Integrated Multi-Omics Analysis Identifies Novel Prognostic and Diagnostic Hub Genes in Colorectal Cancer
Round 1
Reviewer 1 Report
Comments and Suggestions for AuthorsColorectal can certainly is a major killer and there is a need to identify prognostic and discriminatory genes. In this study, the authors performed a 'meta-analysis' like study of 4 separately published transcriptome data sets from Colorectal tumours and healthy controls. This identified 128 genes with prognostic potential and 23 'hub' genes with discriminatory potential. Many of these genes have not been flagged up before.

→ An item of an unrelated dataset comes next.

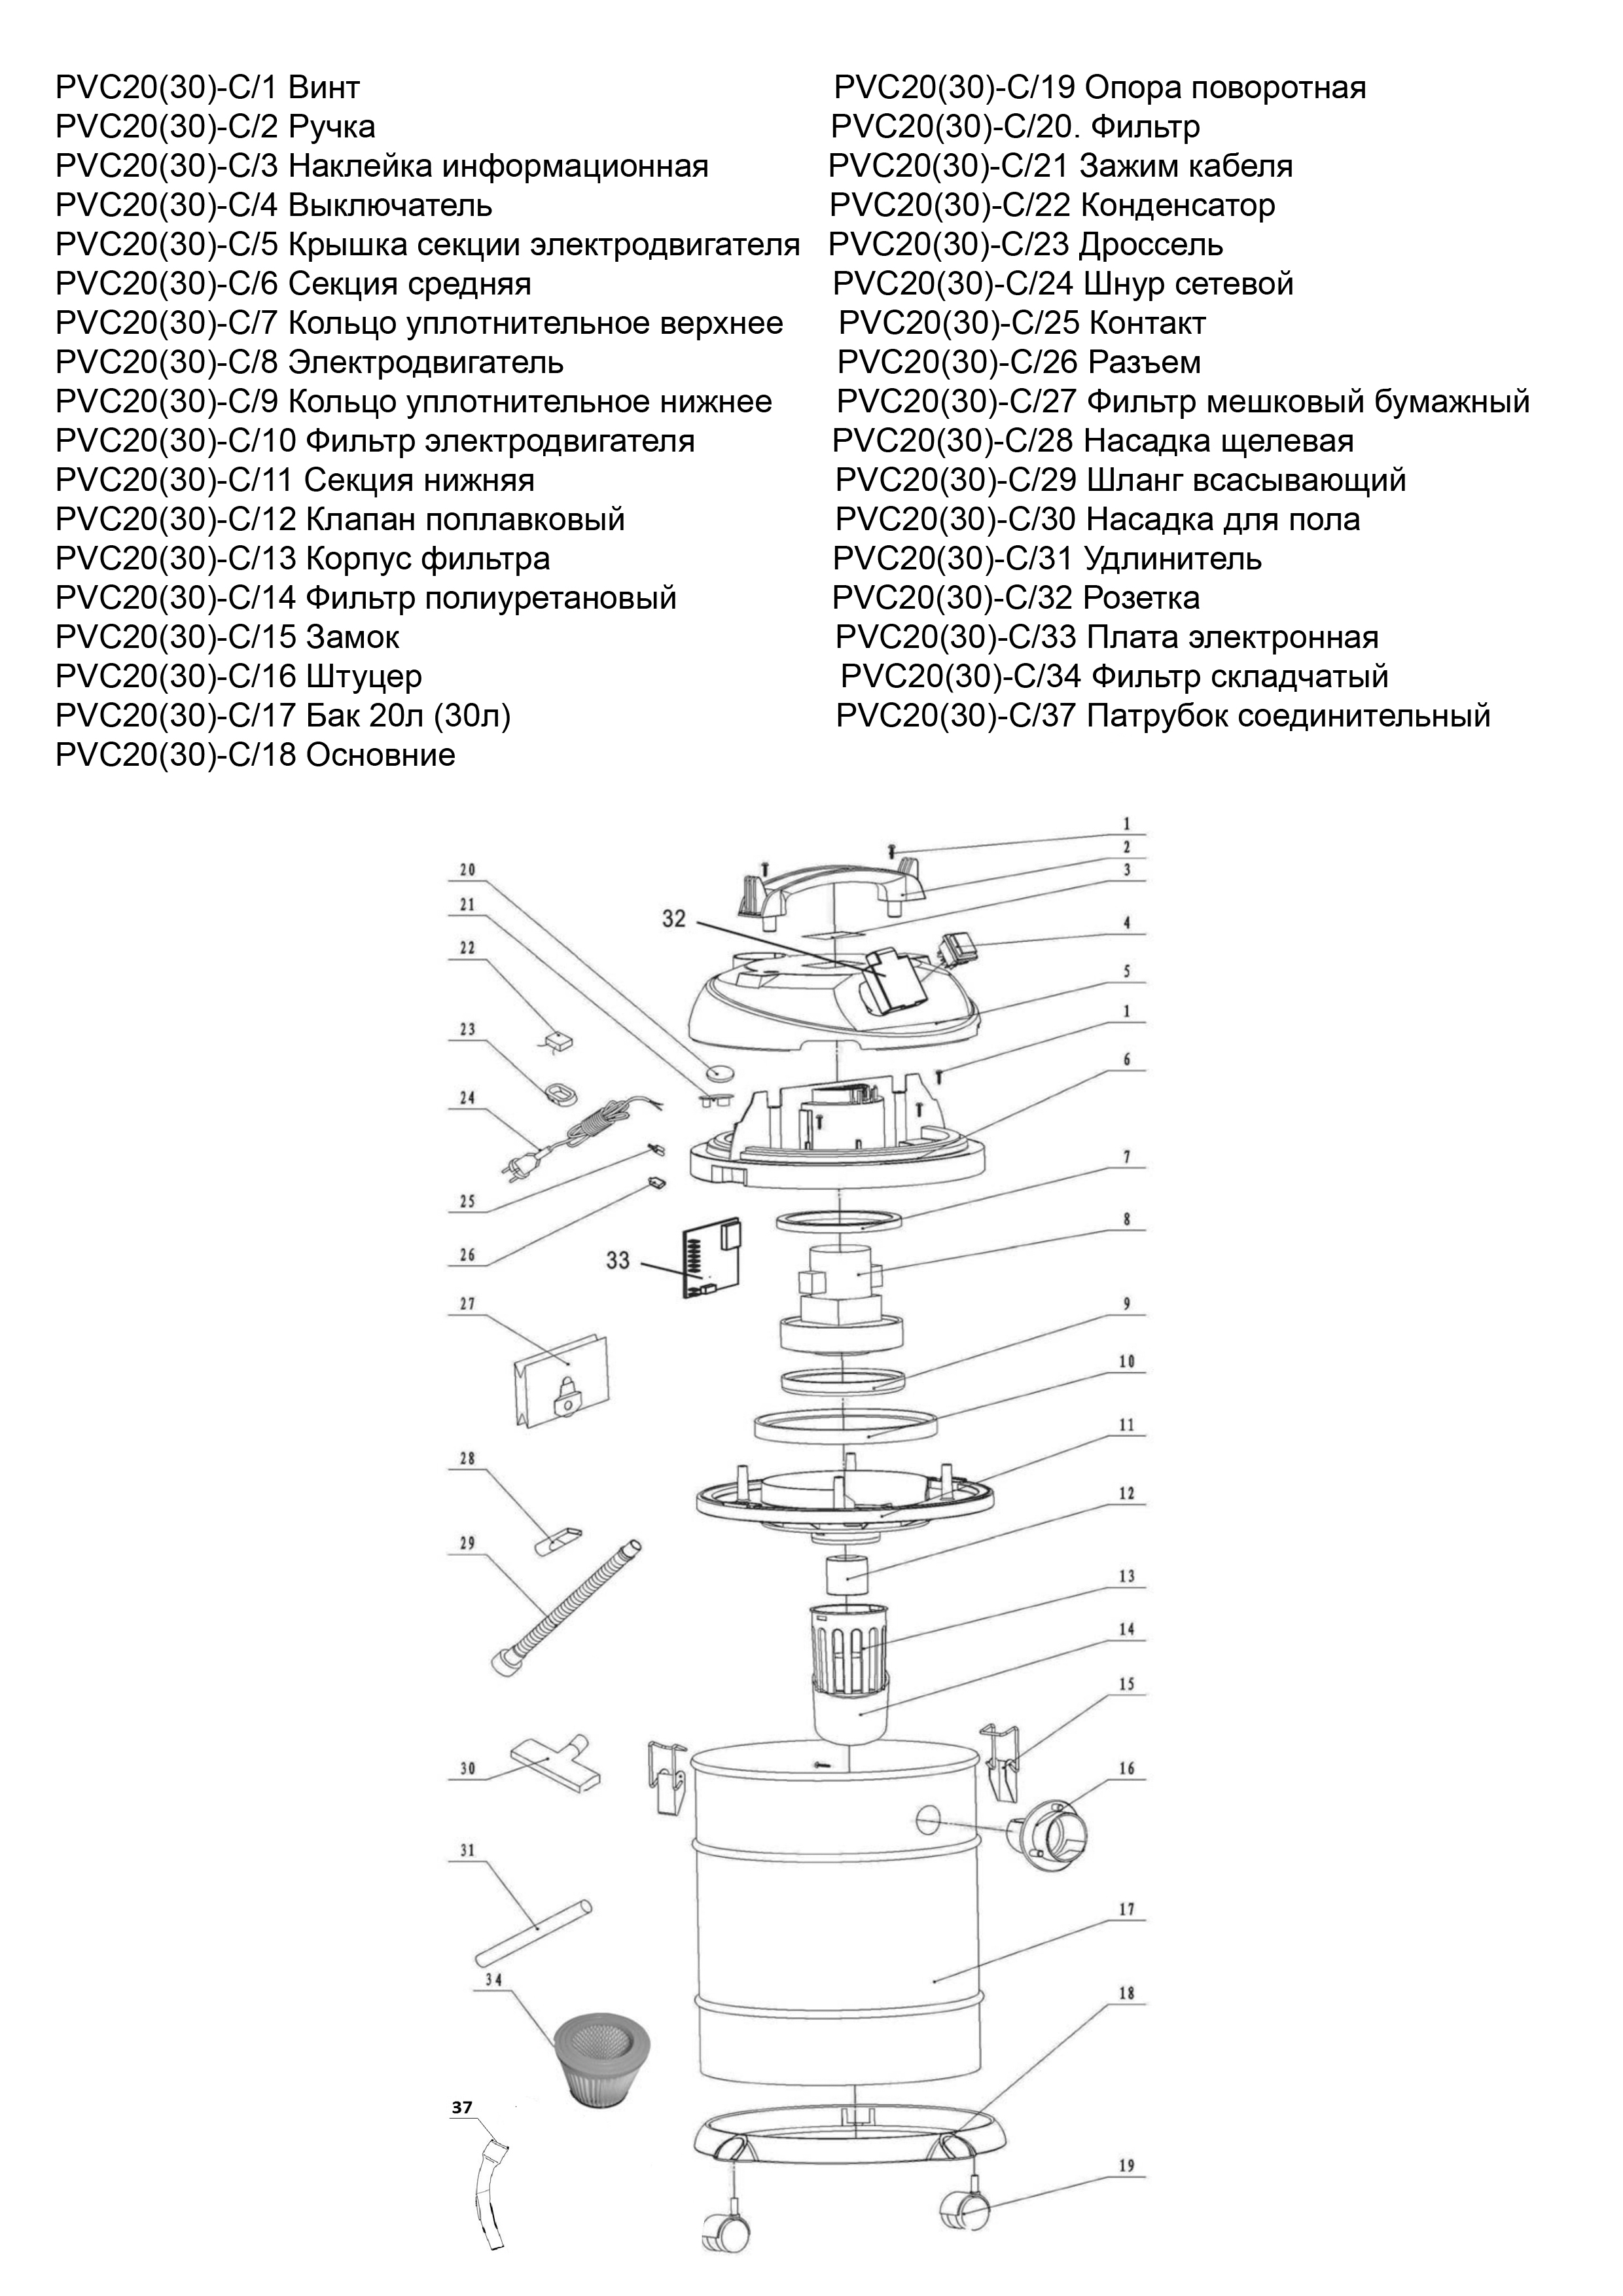 Запчасти, схема и деталировка P.I.T. PVC 30-C МАСТЕР

This study is interesting and the methods are valid and I believe the results. The major issue I have with the manuscript as it is presented now is that the data presentation and text obscured potential impact. To put it into a nutshell, the authors should drastically shorten the manuscript, highlight key findings in their figures and streamline the whole. Many data that are described at length in the RESULTS section in the text can be presented in tables and summarised. Many figures could be relegated into what would be supplementary figures or equivalent. Many of the figure segments are too small. The DISCUSSION is far too long. In all, the whole manuscript should be shortened by 50-70%. I will go through some details below:
(1) Much of the analysis is based on the WGCNA but the key reference for this is not provided which is strange. I guess it should be:
Langfelder P, Horvath S. BMC Bioinformatics. 2008 Dec 29;9:559. doi: 10.1186/1471-2105-9-559. PMID: 19114008.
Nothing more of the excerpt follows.